We evaluated six platforms over three weeks: ReadMe, Mintlify, Docusaurus, Redocly, Theneo and Fern. Here's the honest breakdown.
The Requirements We Tested Against
These came directly from our eighteen months of GitBook pain. Each one was a real problem we'd hit, not a hypothetical:
- Spec merging : Can we push an updated OpenAPI spec without losing manual enrichments?
- Editable API content : Can we modify field descriptions, add context, and link endpoints inline?
- Automatic changelog : Does the platform detect spec diffs and generate changelogs?
- Consumer notifications : Can API consumers subscribe to updates?
- API testing : Is the playground native, with pre-request scripts and environment variables?
- External SSO : Can enterprise customers authenticate with their own identity providers?
- Custom branding : Full CSS control, no vendor branding forced on our pages?
- Export/portability : Can we get our content out cleanly if we need to leave?
- Pricing transparency : Is the pricing straightforward, or are there per-site fees and hidden add-ons?
What We Found
Docusaurus was the strongest self-hosted option. Open source, React-based, full control. But it's a static site generator, not a documentation platform. You get total freedom and zero managed features: no API playground, no changelog automation, no AI assistance. For a team of three that doesn't want to maintain a custom docs pipeline, this was too much infrastructure.
ReadMe has strong API documentation features and a solid editor. The pricing gave us pause. It gets expensive at scale, and some critical features are enterprise-only. The API testing was better than GitBook but still felt like it was bolted onto a general docs platform rather than built from the ground up.
Mintlify has a beautiful default design and great developer experience. But we had concerns. There was a security incident in 2024 where customer GitHub tokens were exposed, and while they handled the response well, it factored into our risk assessment. Their API-specific features (changelog generation, spec merging) were less mature than some alternatives.
Redocly is strong on OpenAPI rendering, probably the best pure spec renderer we tested. But it leans toward being a development tool rather than a full documentation platform. The editing experience for non-technical team members wasn't as smooth, and the portal/catalog features were less developed.
Fern has an interesting approach: you define docs in a fern/ folder with config files, and it generates everything.
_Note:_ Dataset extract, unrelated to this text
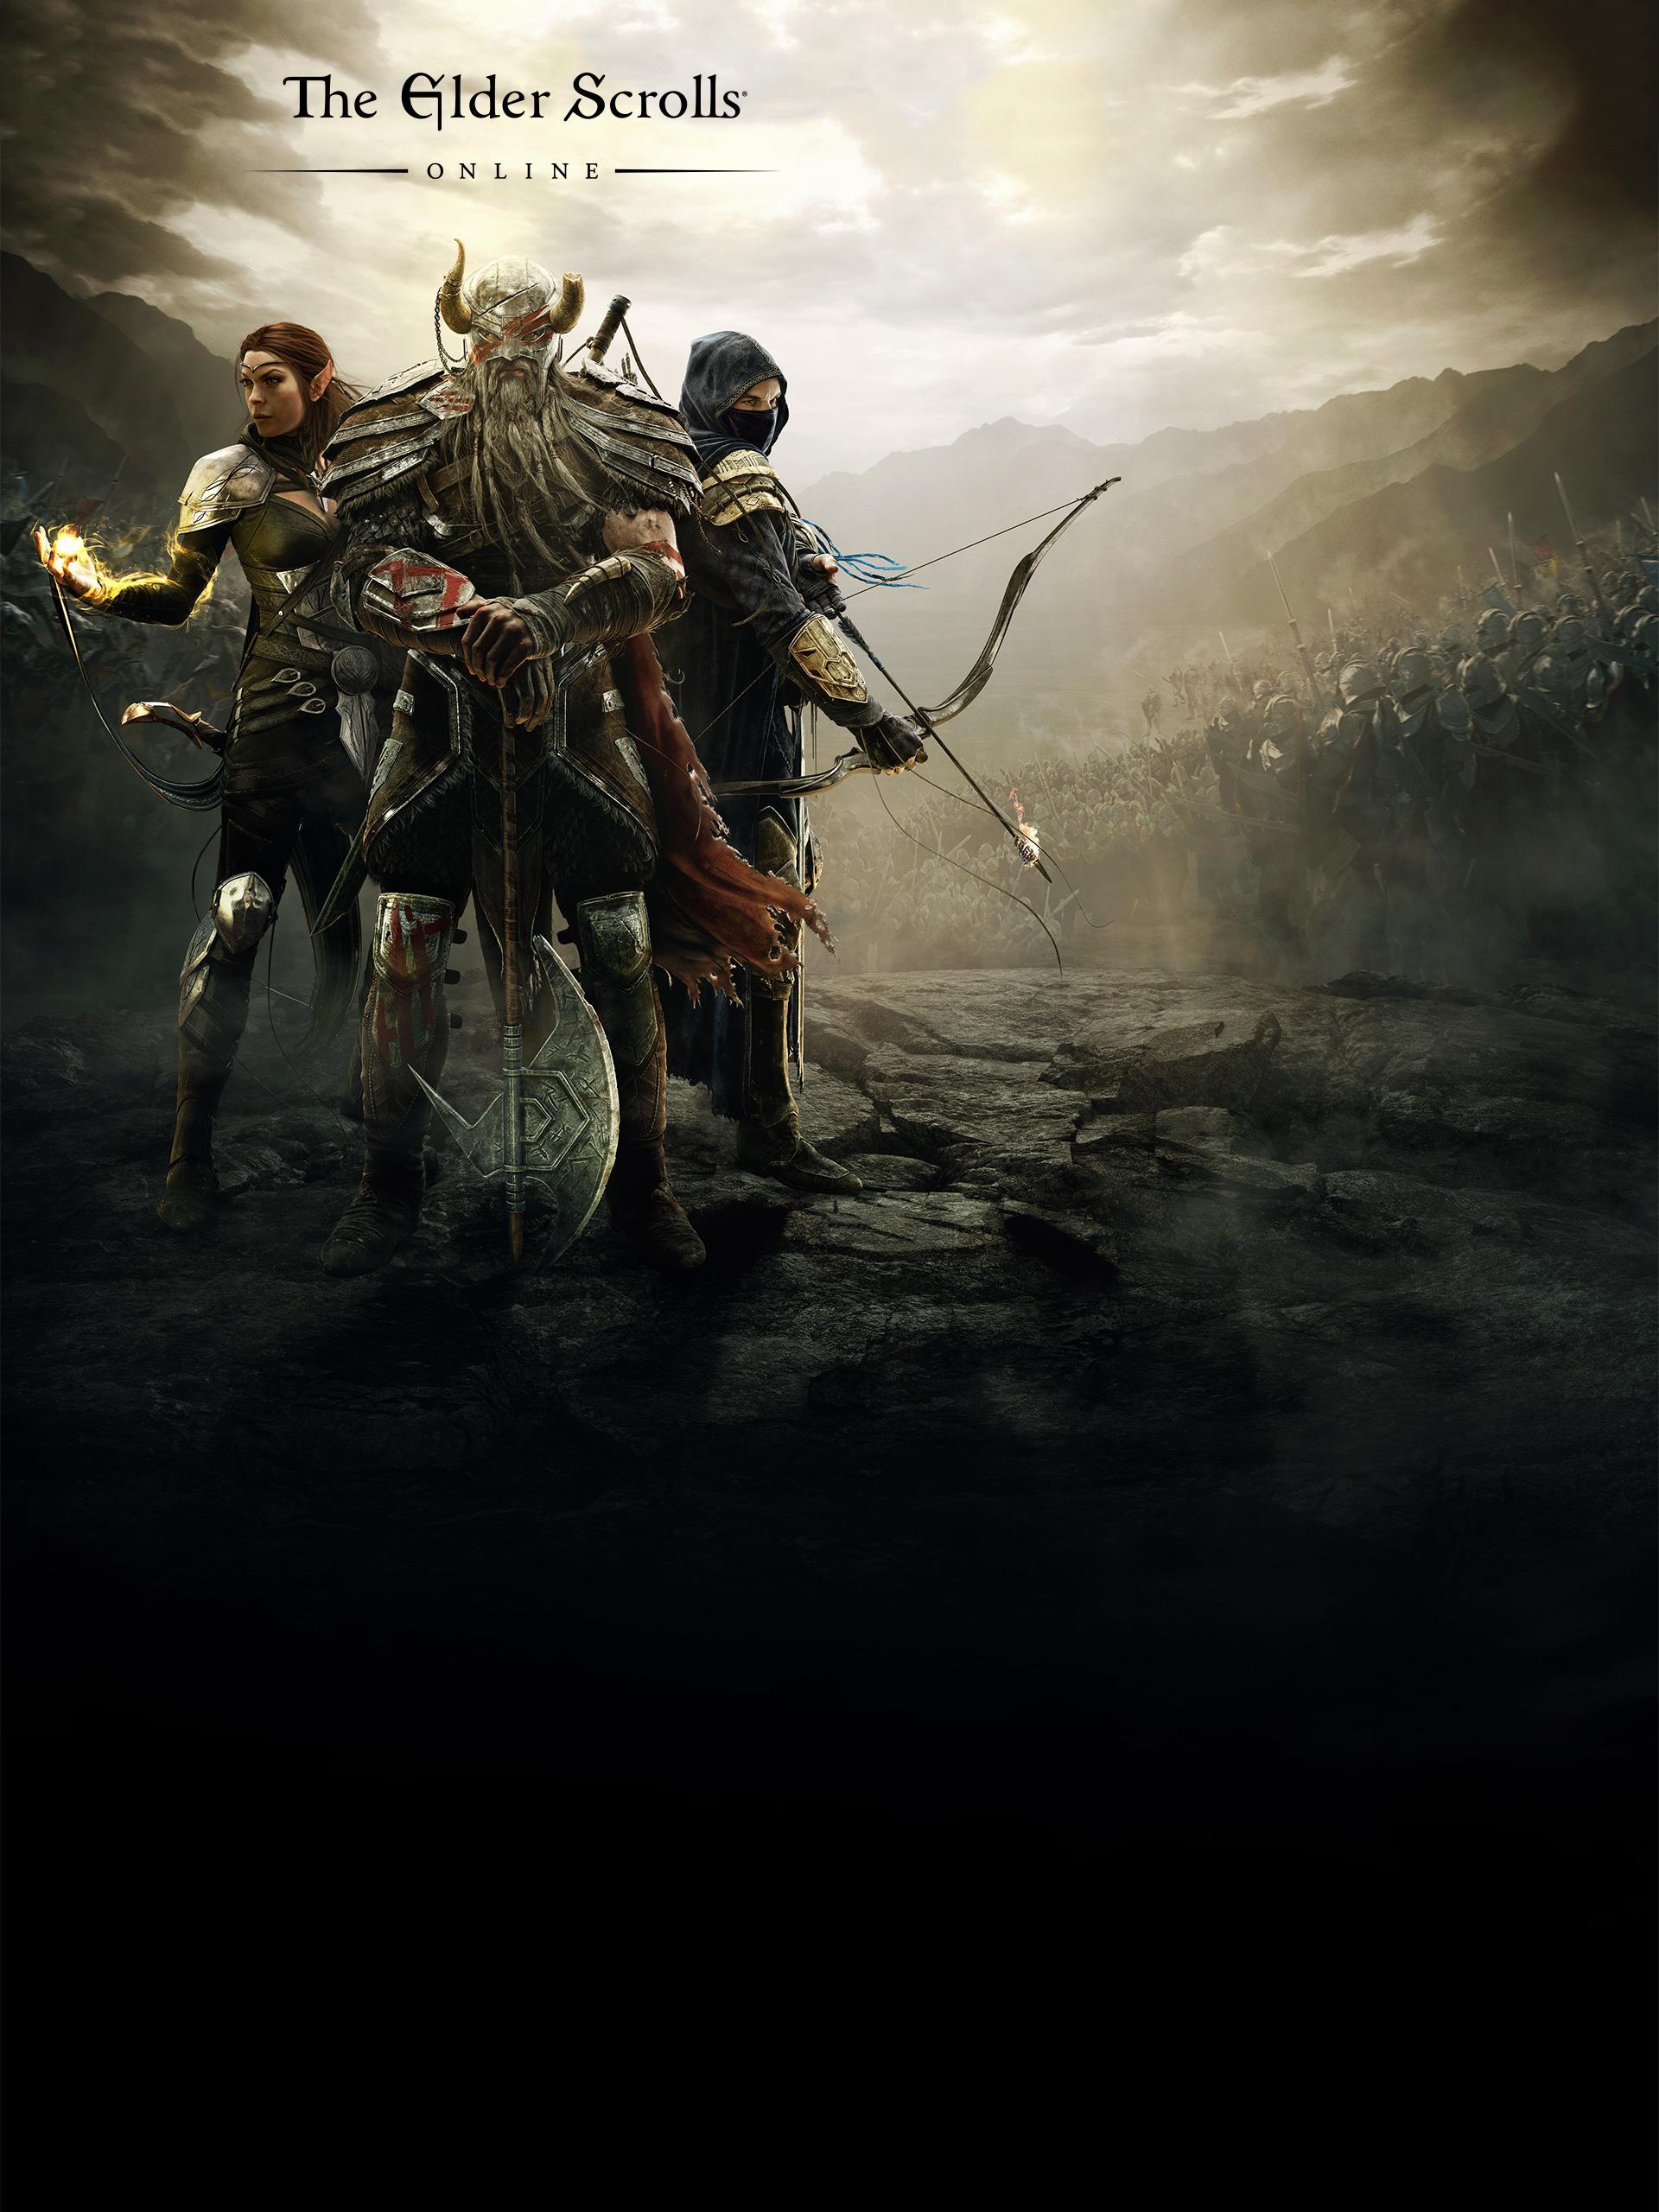 The Elder Scrolls Online:Tamriel Unlimited - kostenlos spielen bis 06.12  (PS4* und Steam)

Great for developer-led docs teams. Less great when your technical writer needs to make a quick edit without opening a code editor and pushing a commit.
Theneo. Full disclosure: this is where we ended up, and I'll explain why. But I want to be clear about what it is and isn't.
Where We Landed (And What Actually Changed)
We migrated to Theneo. Here's the honest version, both what improved and what I'd want them to fix.
What solved our actual problems:
The spec overwrite problem disappeared. This was the biggest single improvement. Push an updated OpenAPI spec and your manual enrichments survive. The editor and the spec coexist instead of fighting each other. For a team that spent eighteen months losing work to blind overwrites, this alone justified the switch.
API content became something we could actually edit. Every field, description, and example is editable inline. Our technical writer can add contextual notes to individual parameters without worrying that the next spec push will destroy her work.
Automatic changelogs from spec diffs. Push a new spec version and the platform detects changes (new endpoints, modified parameters, deprecated fields, breaking changes) and generates a changelog. No more manual release notes. No more customers discovering breaking changes from 500 errors.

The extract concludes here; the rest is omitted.